# Data:

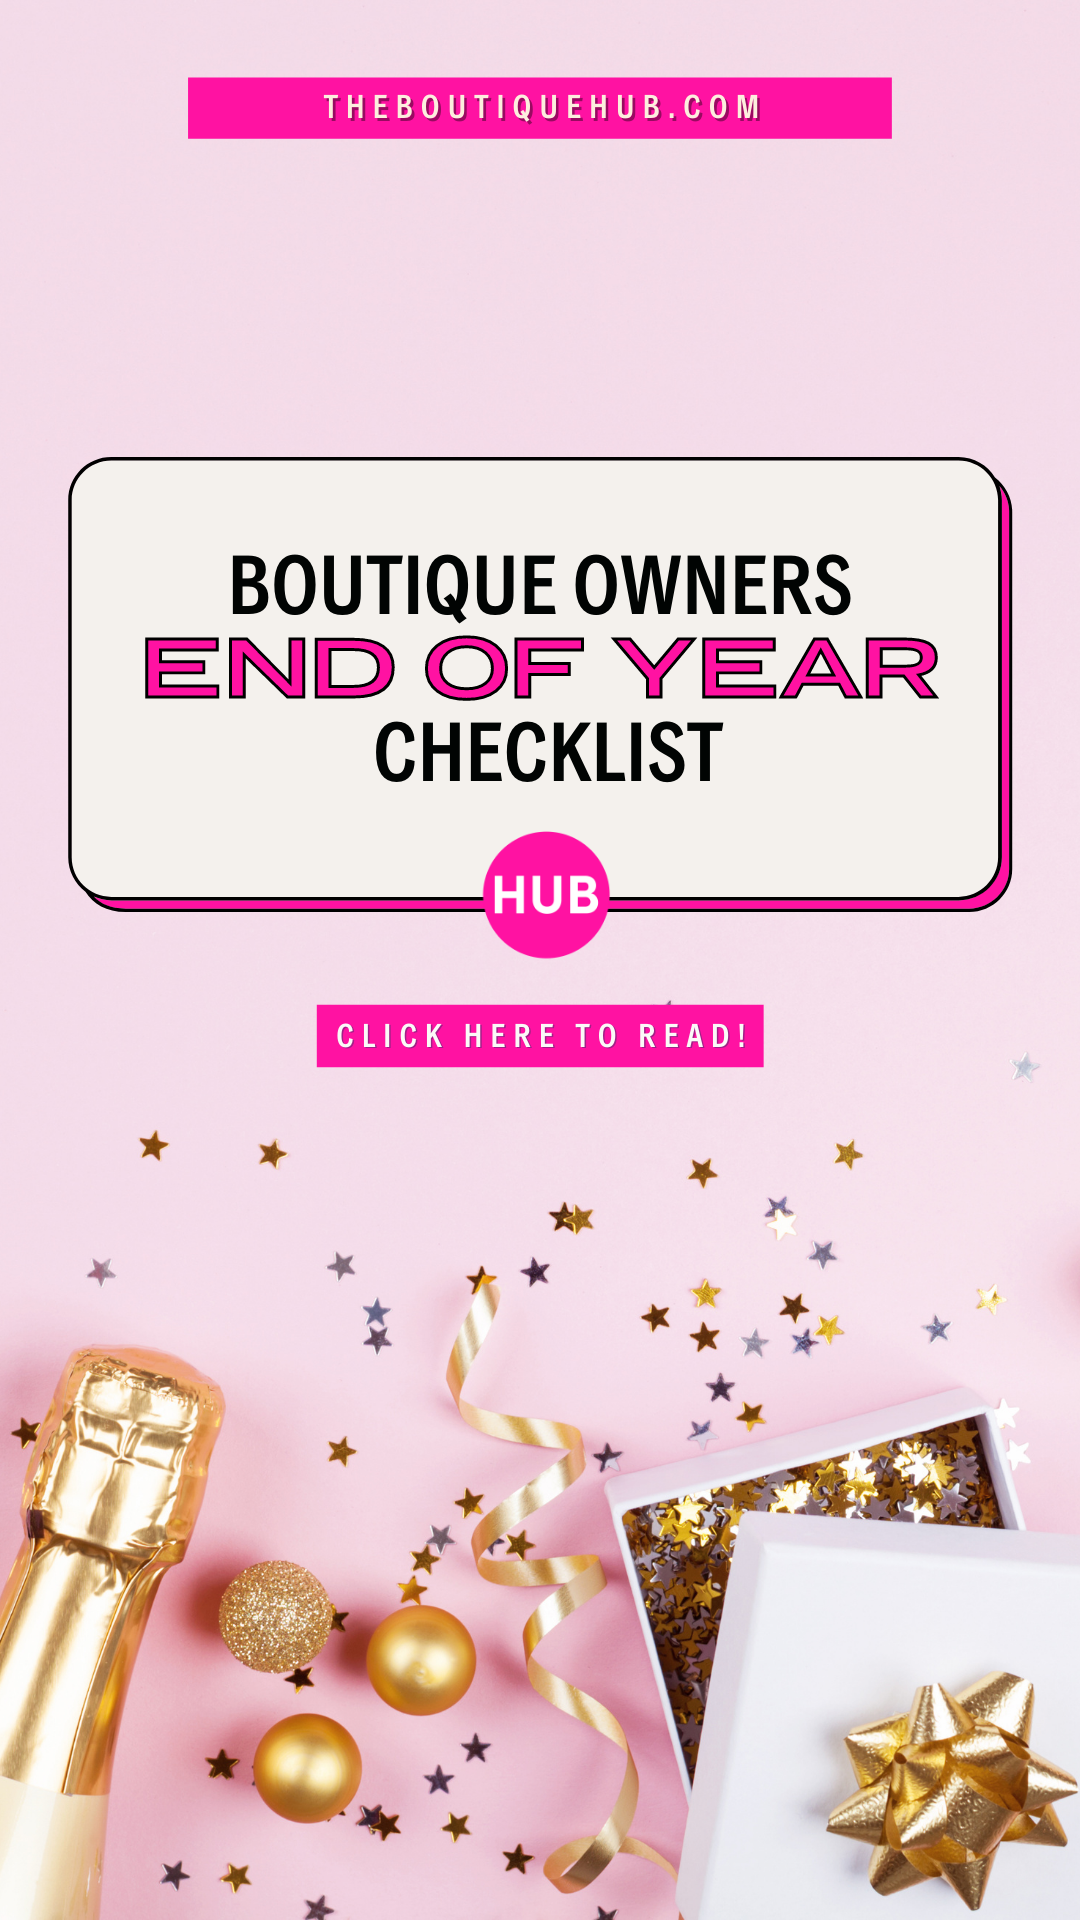 Boutique Owner's End of the Year Checklist
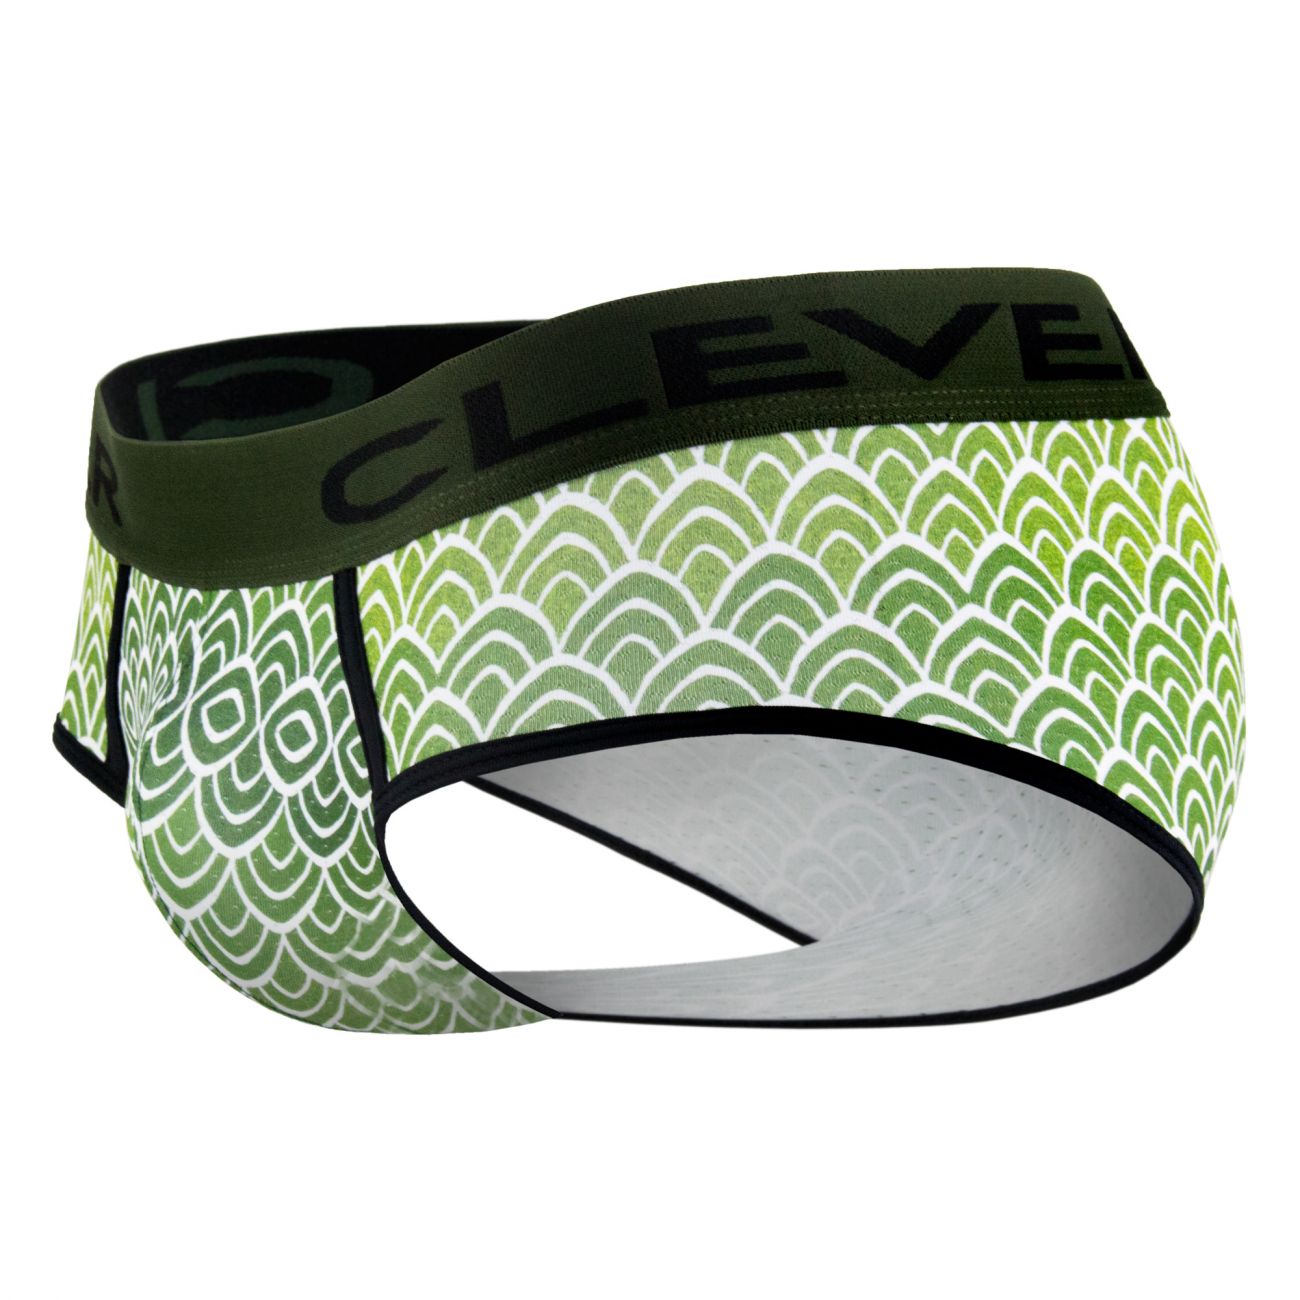 Clever 5346 Mask Piping Briefs Green
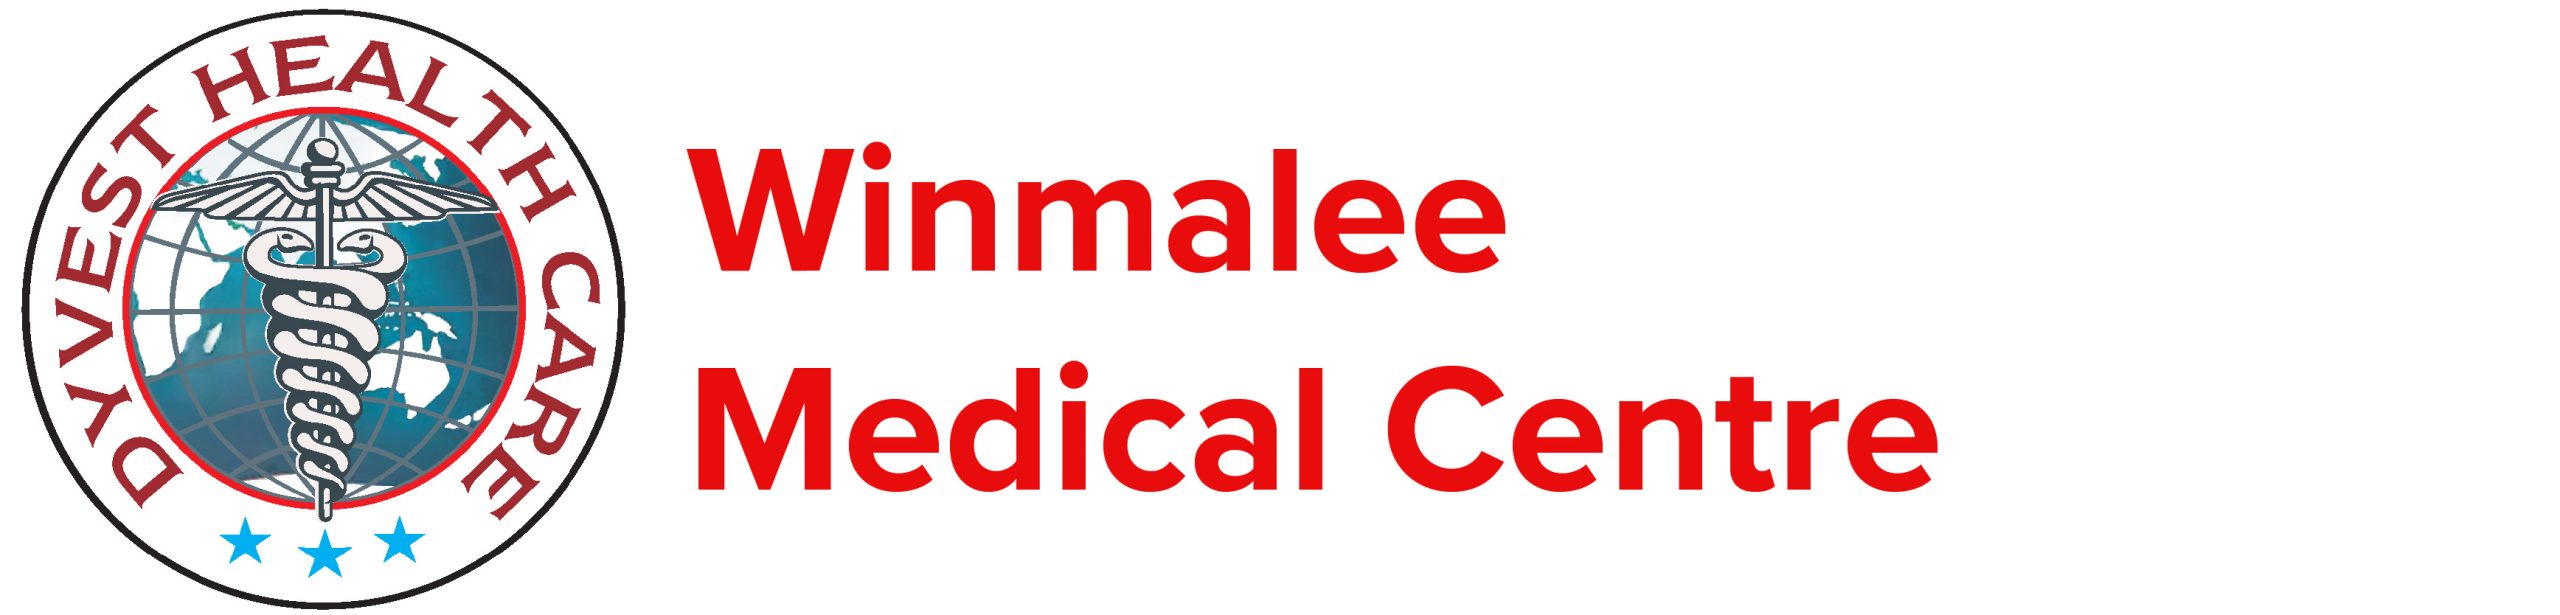 Winmalee Medical Centre Logo
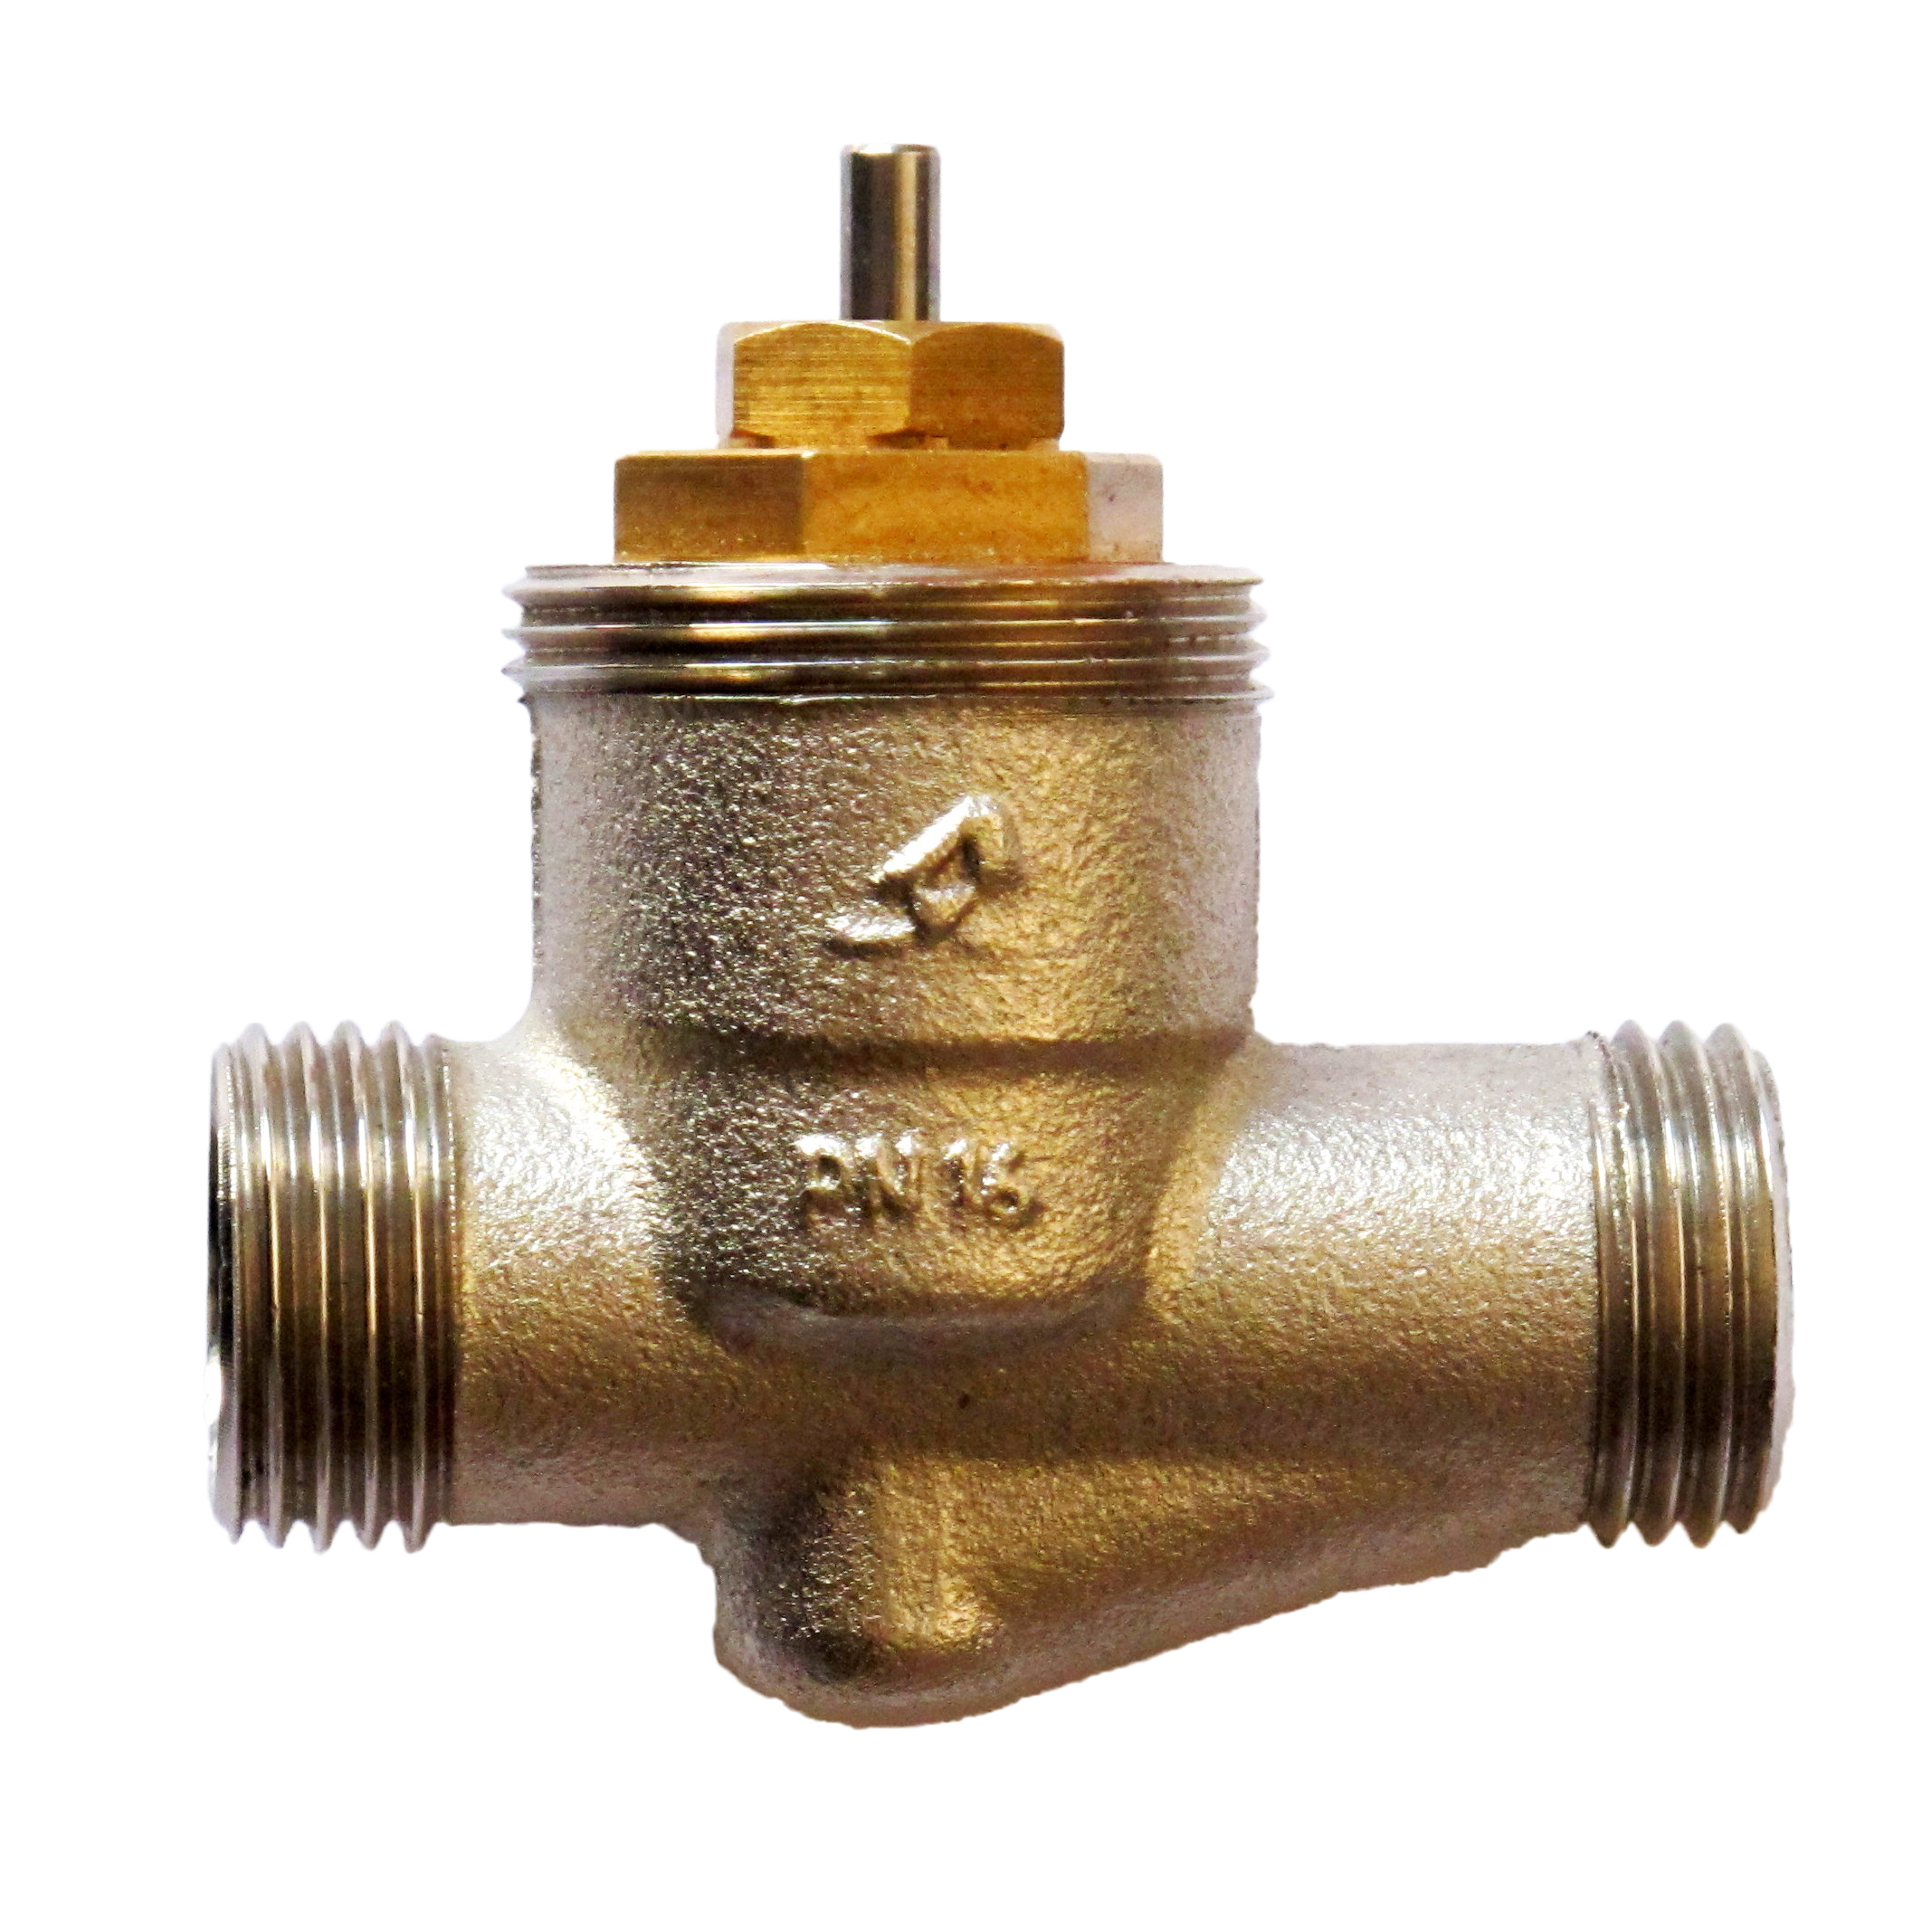 Two-way valves

# Aim of the exercise:
Please restate word for word each line from the one containing "Clever 5346 Mask Piping Briefs Green" to the end of the data above, without the pictures.

# Task output:
 Clever 5346 Mask Piping Briefs Green
 Winmalee Medical Centre Logo
 Two-way valves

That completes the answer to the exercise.